Practical deployment considerations and cost implications
For development teams ready to implement IndexCache, open-source patches are available for major serving engines including vLLM and SGLang. Integration requires minimal configuration changes, though teams should budget time for proper calibration. The process isn't plug-and-play, but it's far simpler than retraining models or rebuilding inference infrastructure.
The ROI calculation varies by workload. Bai notes that long-context applications like RAG systems, document analysis, and agentic pipelines see approximately 20% deployment cost reductions alongside similar latency improvements. Short-context tasks benefit less, hovering around 5% gains. This makes IndexCache particularly valuable for enterprises whose AI systems increasingly handle complex, context-heavy workflows rather than simple question-answering.
The broader implication extends beyond immediate performance wins. IndexCache represents a shift toward designing models with inference constraints as first-class considerations rather than afterthoughts. As Bai observes, future foundation models will likely be architected from the ground up for real-world throughput and latency, not just parameter count and benchmark scores. This matters because the industry's current trajectory—ever-larger models with ever-longer contexts—hits hard physical limits without architectural innovations that make inference economically viable.

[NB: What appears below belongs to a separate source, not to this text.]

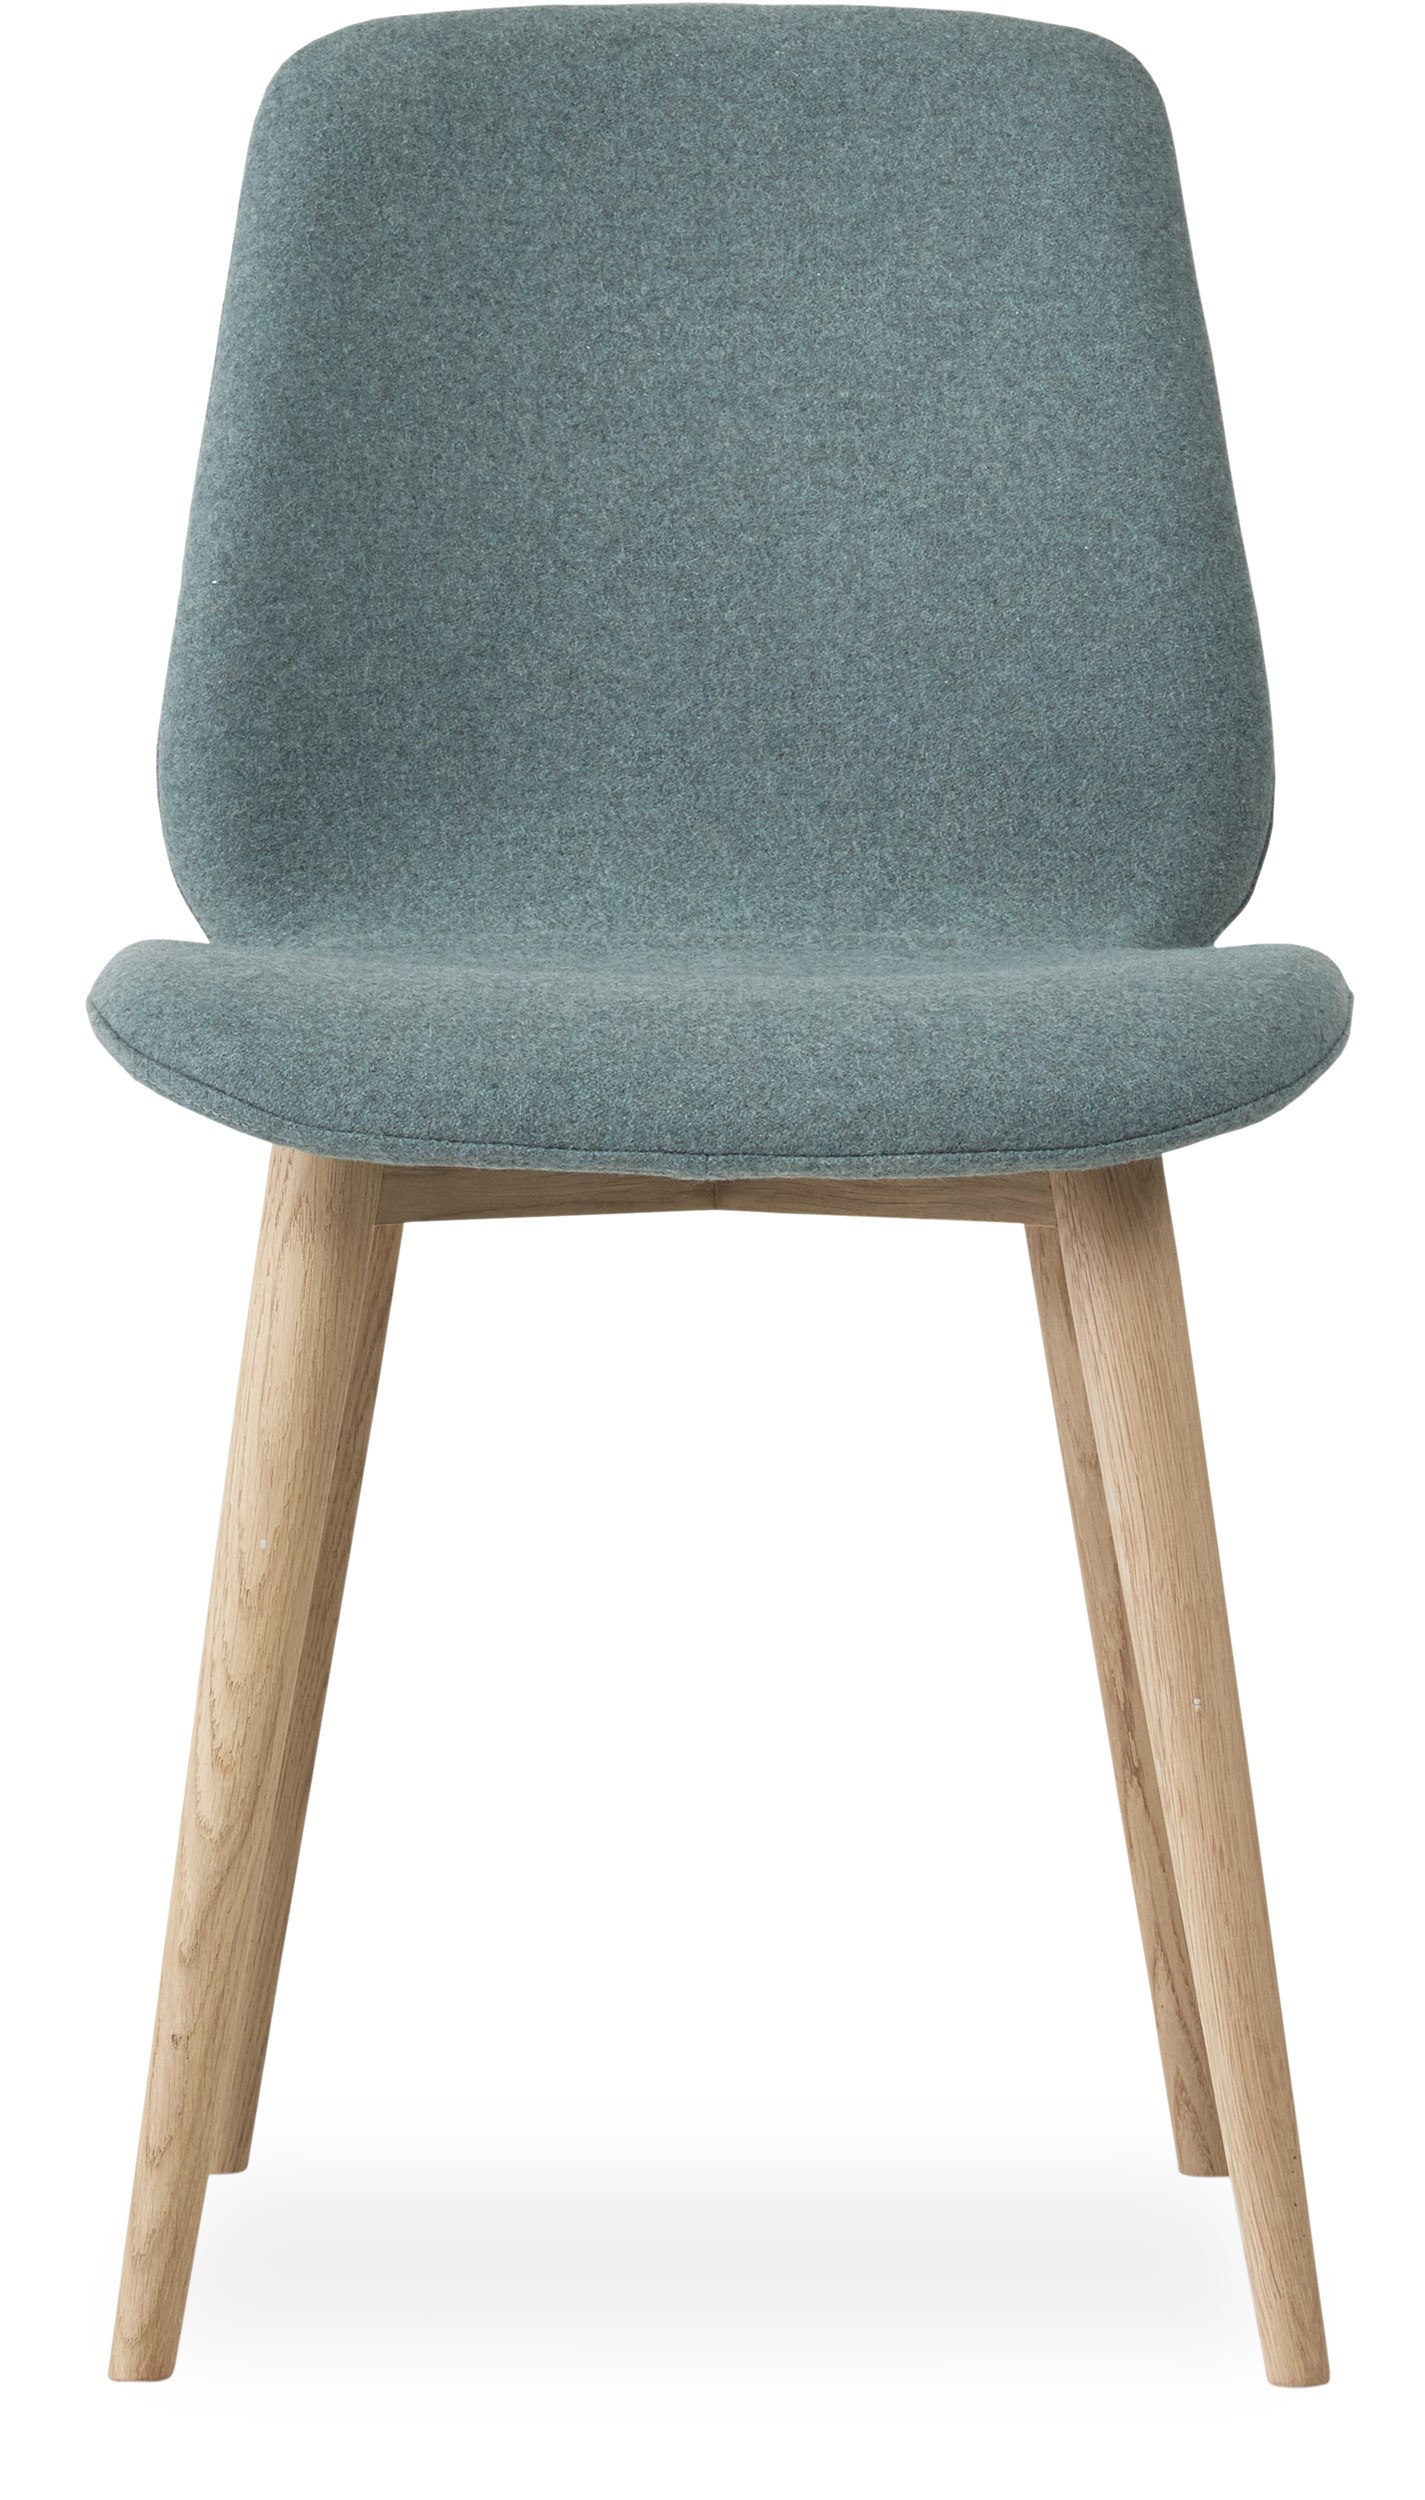 Share matstol - Sits i 22 Dusty green filt och curveben i vitpigmenterad mattlackad ek

For enterprises evaluating whether to adopt IndexCache, the decision hinges on context length requirements and model architecture. If you're running DSA-based models (DeepSeek or GLM families) with contexts regularly exceeding 50K tokens, the technique offers substantial benefits with manageable implementation complexity. Teams using other architectures will need to wait for similar techniques adapted to their models, though the underlying principle of exploiting cross-layer redundancy likely generalizes beyond DSA.
The research also highlights a less obvious point: optimization opportunities still exist even in models already using advanced efficiency techniques. DSA was already considered highly optimized, yet IndexCache found 75% of its indexer computations were redundant. This suggests the current generation of "efficient" architectures may still harbor significant waste, and that careful empirical analysis of how models actually process information can reveal optimization opportunities that pure architectural reasoning misses.